Les seigneurs de Cany

    Le titre le plus ancien qui nous fasse connaître la consistance de la seigneurie de Cany remonte à 1372. Deux ans auparavant, le 14 mai 1370, le roi Charles V venait d’échanger avec ses cousins les ducs d’Alençon et du Perche, contre le château et la châtellenie de Joscelin en Bretagne, les châteaux et châtellenies d’Exmes et de Cany-Caniel en Normandie.

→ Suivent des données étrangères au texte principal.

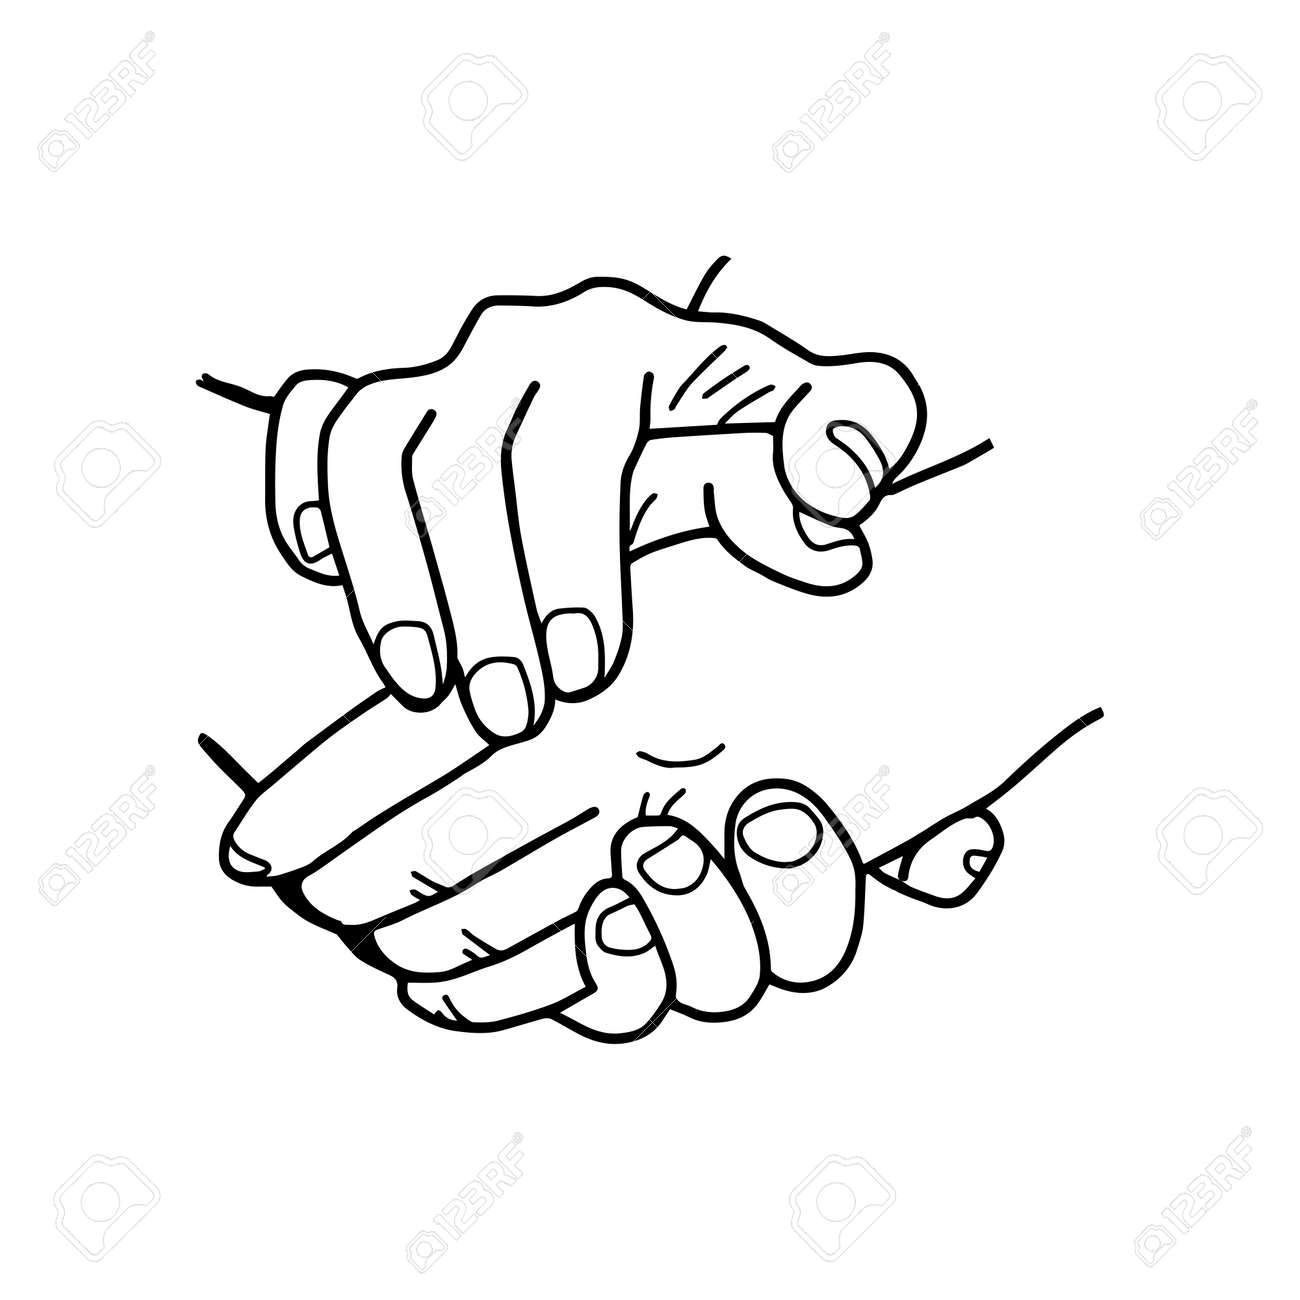 Partneship. hand drawn handshake vector illustration - 69022140

    La seigneurie de Cany est désignée sous le nom de Cany-Caniel, à cause du château fort construit près de Cany, pour défendre du côté de la mer l’entrée de la vallée de la Durdent. Ce château reçut le nom de Caniel, ou petit Cany. Il était déjà en ruines au XVIe siècle, lorsque la baronnie de Caniel fut formée, comme nous le verrons, avec une partie des domaines de la seigneurie.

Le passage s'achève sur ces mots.